The clinical data is a separate, structured dataframe (text file) with columns necessary to define the "triple-negative" class label.

In [16]:
clinical = pd.read_csv(path_annot, delimiter="\t")
# sorted(clinical.columns.to_list())
clinical.shape

(1108, 140)

In [17]:
COLUMNS_CLIN = [
    'Sample ID', #ids
    'Sample Type','Fraction Genome Altered', #tumor info
    'Diagnosis Age','Sex','Race Category','Ethnicity Category', #patient info
    'Informed consent verified', #ethics
    'ER Status By IHC','PR status by ihc','IHC-HER2' #required for CLASS LABEL
]

clinical = clinical[COLUMNS_CLIN]
clinical.head()

Unnamed: 0,Sample ID,Sample Type,Fraction Genome Altered,Diagnosis Age,Sex,Race Category,Ethnicity Category,Informed consent verified,ER Status By IHC,PR status by ihc,IHC-HER2
0,TCGA-3C-AAAU-01,Primary,0.7787,55.0,Female,WHITE,NOT HISPANIC OR LATINO,YES,Positive,Positive,Negative
1,TCGA-3C-AALI-01,Primary,0.7164,50.0,Female,BLACK OR AFRICAN AMERICAN,NOT HISPANIC OR LATINO,YES,Positive,Positive,Positive
2,TCGA-3C-AALJ-01,Primary,0.534,62.0,Female,BLACK OR AFRICAN AMERICAN,NOT HISPANIC OR LATINO,YES,Positive,Positive,Indeterminate
3,TCGA-3C-AALK-01,Primary,0.0764,52.0,Female,BLACK OR AFRICAN AMERICAN,NOT HISPANIC OR LATINO,YES,Positive,Positive,Positive
4,TCGA-4H-AAAK-01,Primary,0.2364,50.0,Female,WHITE,NOT HISPANIC OR LATINO,YES,Positive,Positive,Equivocal


### Subset data & re-group features

We want to focus on:

* Primary, non-metastatic tumors (Metastasis can be a confounding variable and such tumors are very few in number)
* Female breast cancer patients only (There are <10 male patients, and gender is also a known confounding variable)

In [18]:
clinical = clinical[(clinical["Sex"]=="Female") & (clinical["Sample Type"]=="Primary")]

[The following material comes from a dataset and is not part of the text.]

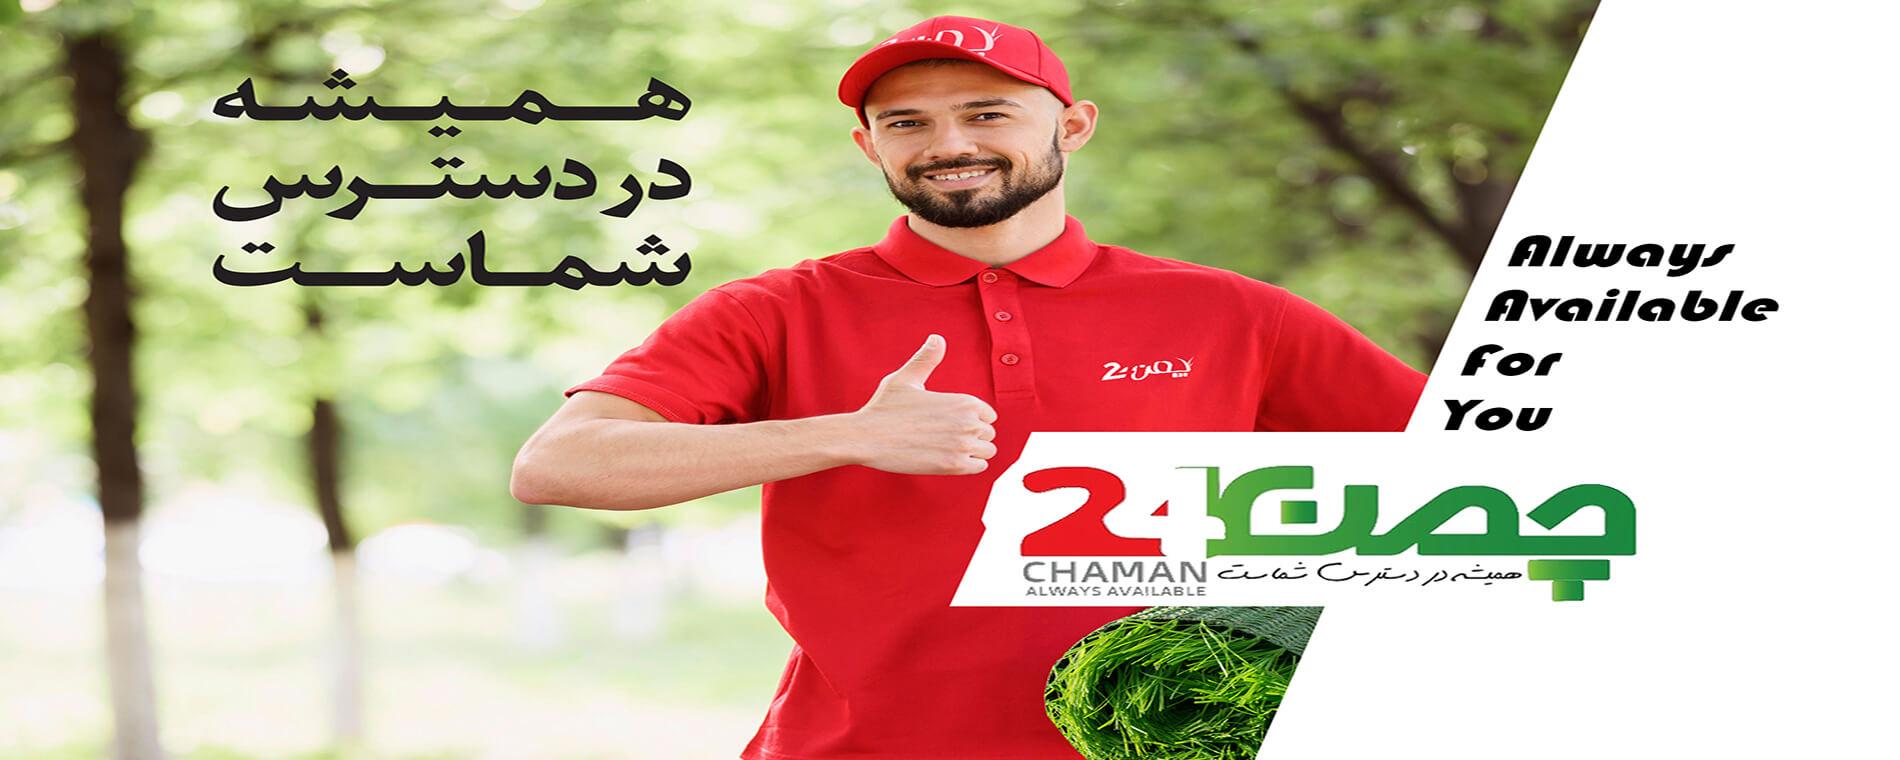 chaman24 slider 1

Aggregate Race Category into "white" vs. "non-white". Most patients in the dataset are white. This is a known limitation of the dataset, and has been critiqued in literature (hopefully in the future we will have datasets that cover a wider range of race).

In [19]:
print("Number of NaNs: %d" % sum(clinical['Race Category'].isna()))
clinical['RaceWhite'] = (clinical['Race Category']=="WHITE") 

Number of NaNs: 94


In [20]:
clinical.loc[clinical['Race Category'].isna(), "RaceWhite"] = None
sum(clinical['RaceWhite'].isna()) #should be same as above

94

### Define class labels, 1 if a cancer is ER-negative, PR-negative, and HER2-negative; 0 otherwise

Receptors ER, PR, HER2 have missing values!

* All 3 needs to be 'Negative' for Label=1. 
* As long as one of which is 'Positive' or 'Intermediate' or 'Equivocal', we have Label=0.
* Label=None is defined
    - All 3 are 'Negative'
    - 1 'Negative' + 2 NaN
    - 2 'Negative' + 1 NaN

We need to exclude samples whose Label=NaN.

In [21]:
## The last 3 integers indicate missing receptors required to define labels
[sum(clinical[col].isna()) for col in COLUMNS_CLIN] 

[0, 0, 18, 1, 0, 94, 171, 0, 49, 50, 176]

In [22]:
## Initialize the label definition:
clinical['Label'] = (clinical['ER Status By IHC']=='Negative') & \
                    (clinical['PR status by ihc']=='Negative') & \
                    (clinical['IHC-HER2']=='Negative')

In [23]:
clinical.loc[:,['ER Status By IHC','PR status by ihc','IHC-HER2']].isna()

Unnamed: 0,ER Status By IHC,PR status by ihc,IHC-HER2
0,False,False,False
1,False,False,False
2,False,False,False
3,False,False,False
4,False,False,False
...,...,...,...
1103,False,False,False
1104,False,False,False
1105,False,False,False
1106,False,False,False


In [24]:
## Count the number of missing receptors in each patient or sample
clinical['num_receptor_missing'] = clinical.loc[:,['ER Status By IHC','PR status by ihc','IHC-HER2']].isna().sum(axis=1)
set(clinical['num_receptor_missing'].to_list()) #few as 0, up to all 3 missing

{0, 1, 2, 3}

In [25]:
## Begin by setting any patient with 1+ receptor missing has having Label=None
clinical.loc[clinical['num_receptor_missing']>0, "Label"] = None
sum(clinical['Label'].isna())

178

In [26]:
## Then, re-set Label=0 from NaN if at least 1 receptor is NOT negative
label0_indicator = ['Positive','Intermediate','Equivocal']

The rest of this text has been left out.